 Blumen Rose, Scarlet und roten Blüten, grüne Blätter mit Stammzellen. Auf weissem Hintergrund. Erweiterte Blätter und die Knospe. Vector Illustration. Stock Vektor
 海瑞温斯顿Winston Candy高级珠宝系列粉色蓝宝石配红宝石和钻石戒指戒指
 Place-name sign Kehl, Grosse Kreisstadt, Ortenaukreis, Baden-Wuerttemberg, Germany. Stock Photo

* * *

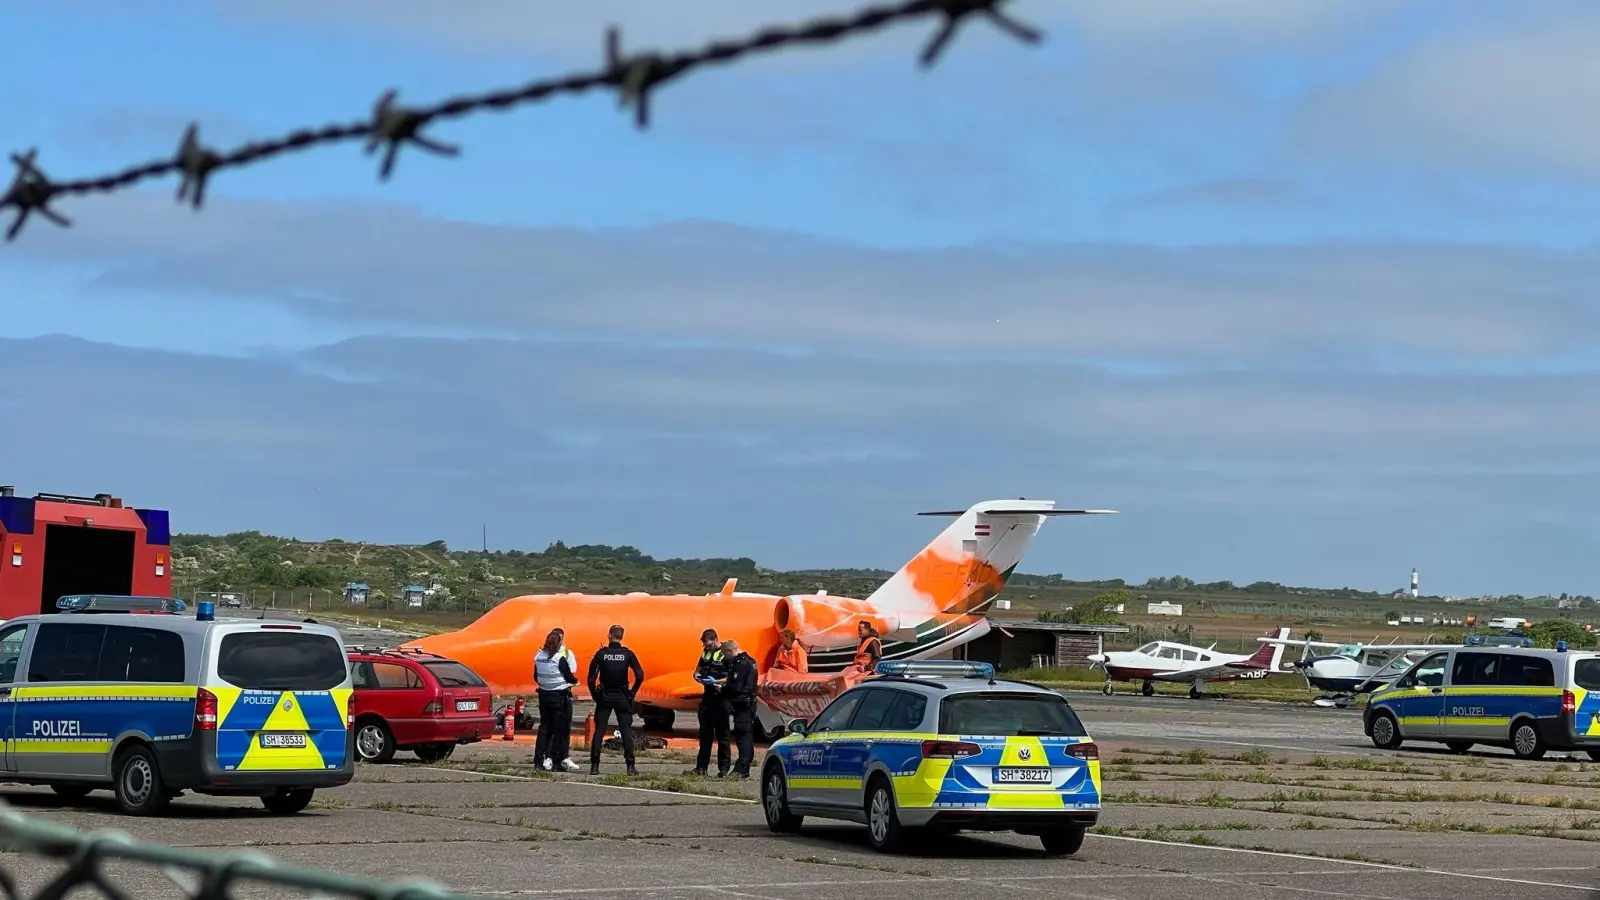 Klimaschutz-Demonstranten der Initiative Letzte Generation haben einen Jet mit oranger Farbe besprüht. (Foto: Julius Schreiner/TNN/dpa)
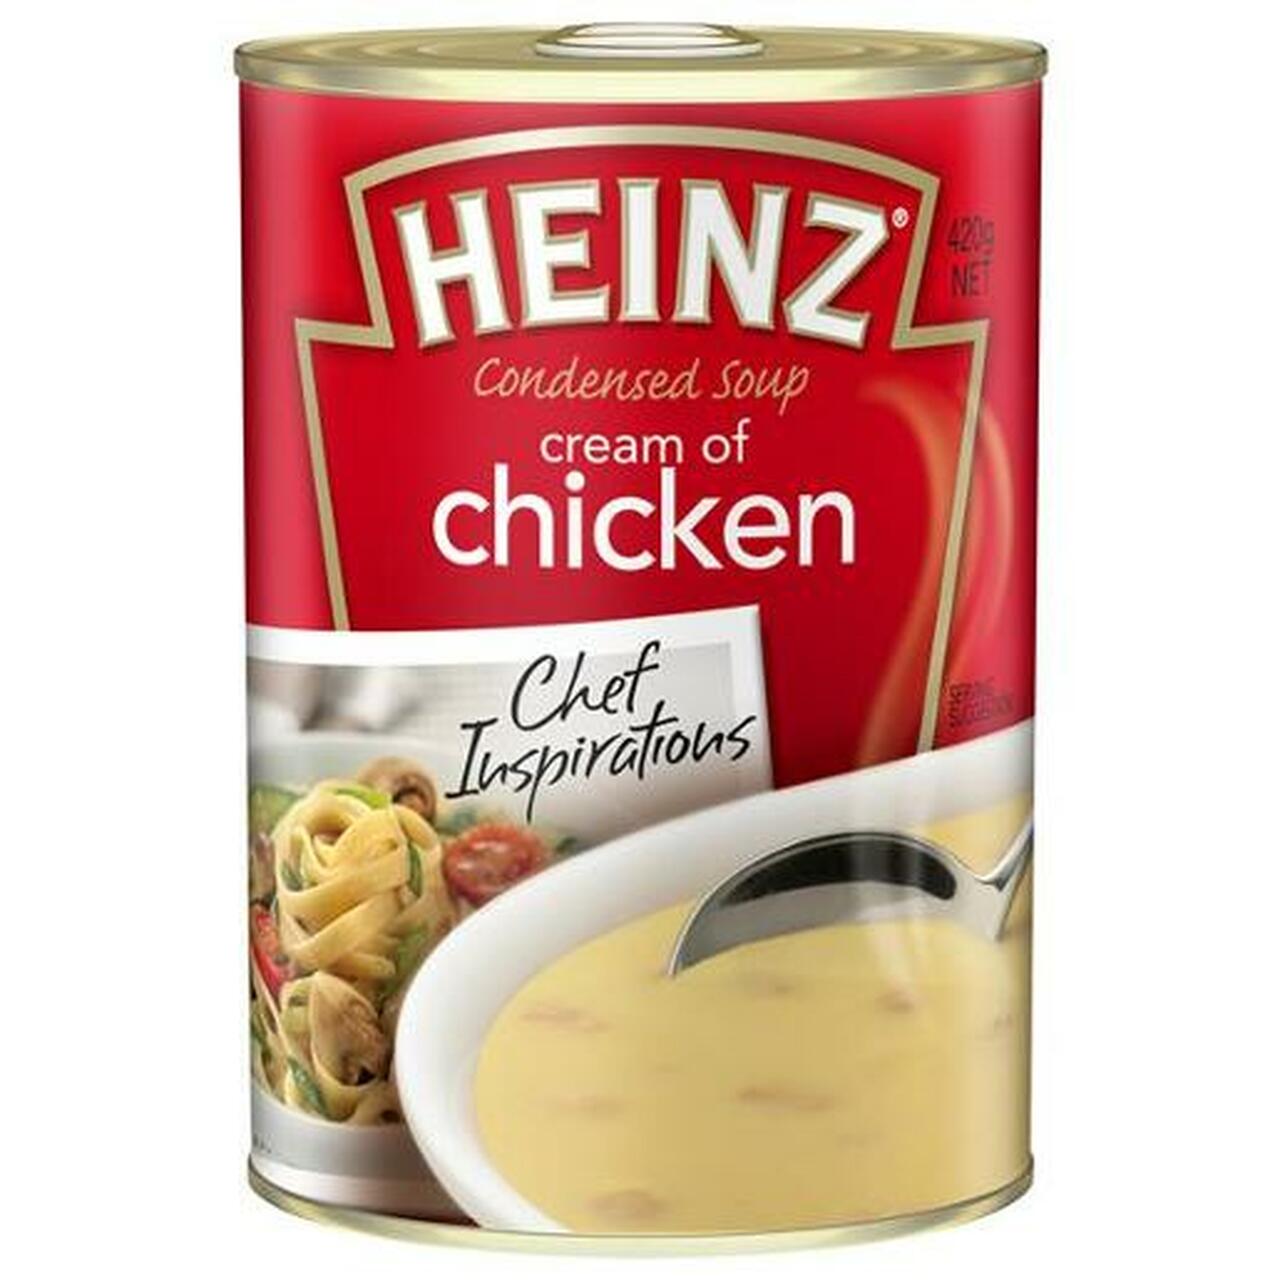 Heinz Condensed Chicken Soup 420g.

TASK DIRECTIONS - Go through the material above and state how many lines hold the word "Stock". Give only the number.

COMPLETED EXERCISE - 2